%%

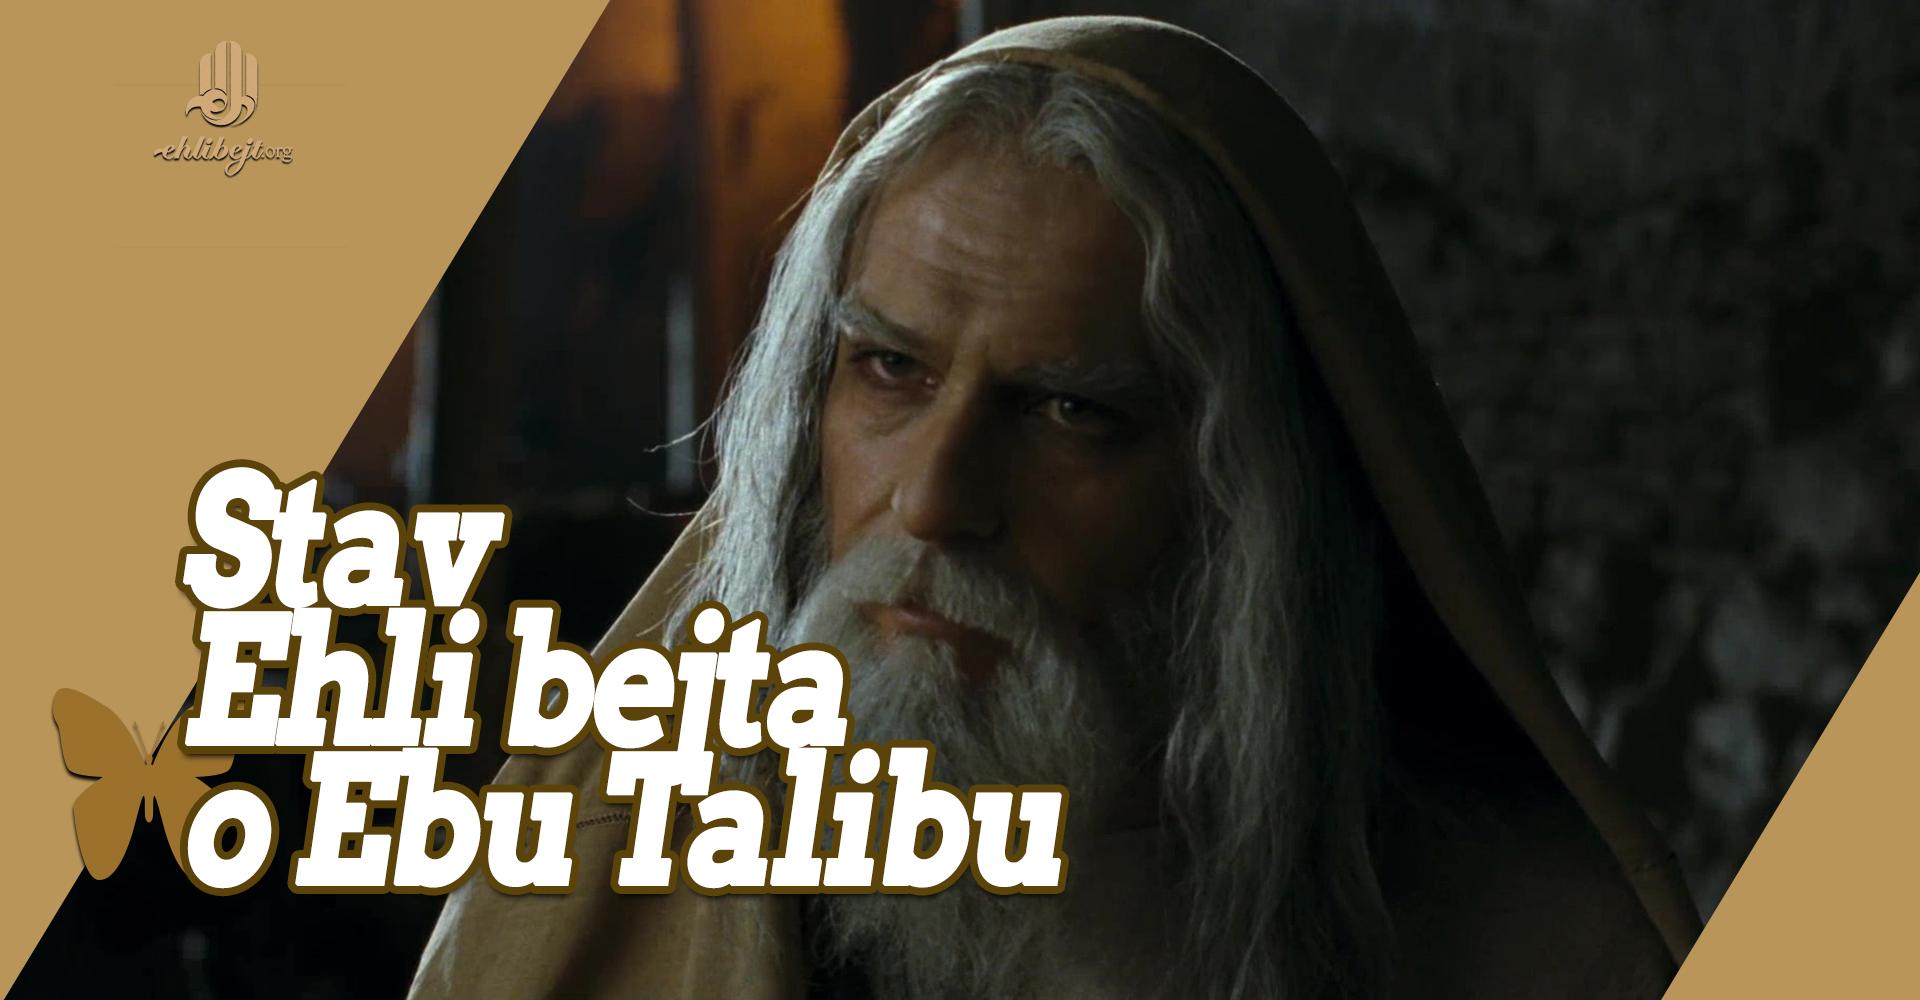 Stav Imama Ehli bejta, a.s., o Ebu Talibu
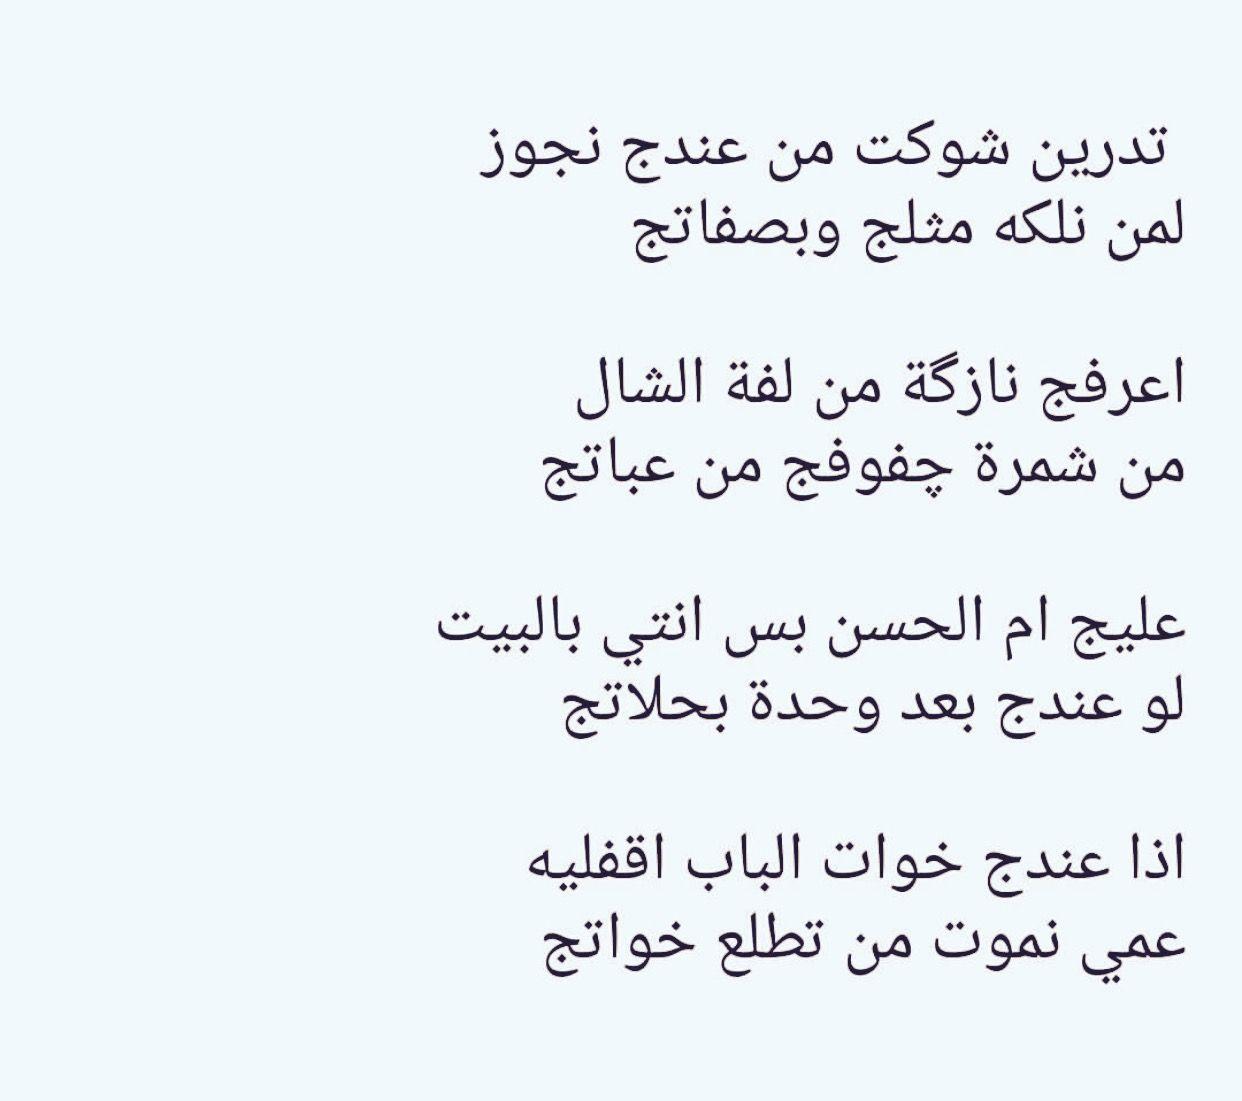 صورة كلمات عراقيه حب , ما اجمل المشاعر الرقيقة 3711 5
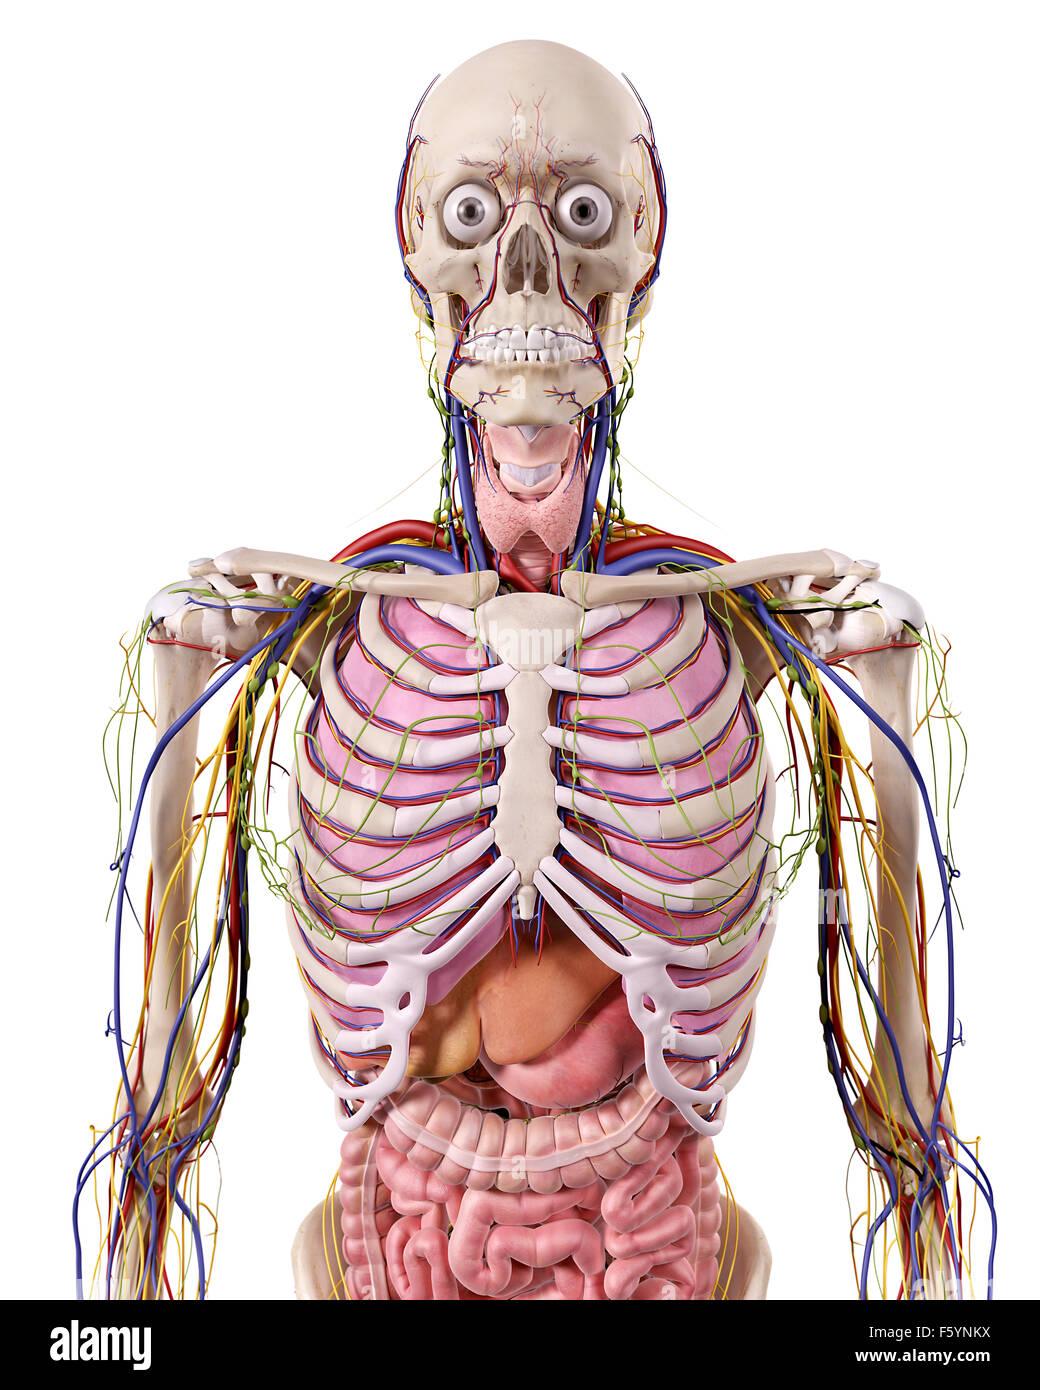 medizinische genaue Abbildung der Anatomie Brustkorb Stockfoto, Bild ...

%%

REQUIREMENT:
Would you return the data above exactly as written, minus the images?

EXPECTED ANSWER:
 Stav Imama Ehli bejta, a.s., o Ebu Talibu
 صورة كلمات عراقيه حب , ما اجمل المشاعر الرقيقة 3711 5
 medizinische genaue Abbildung der Anatomie Brustkorb Stockfoto, Bild ...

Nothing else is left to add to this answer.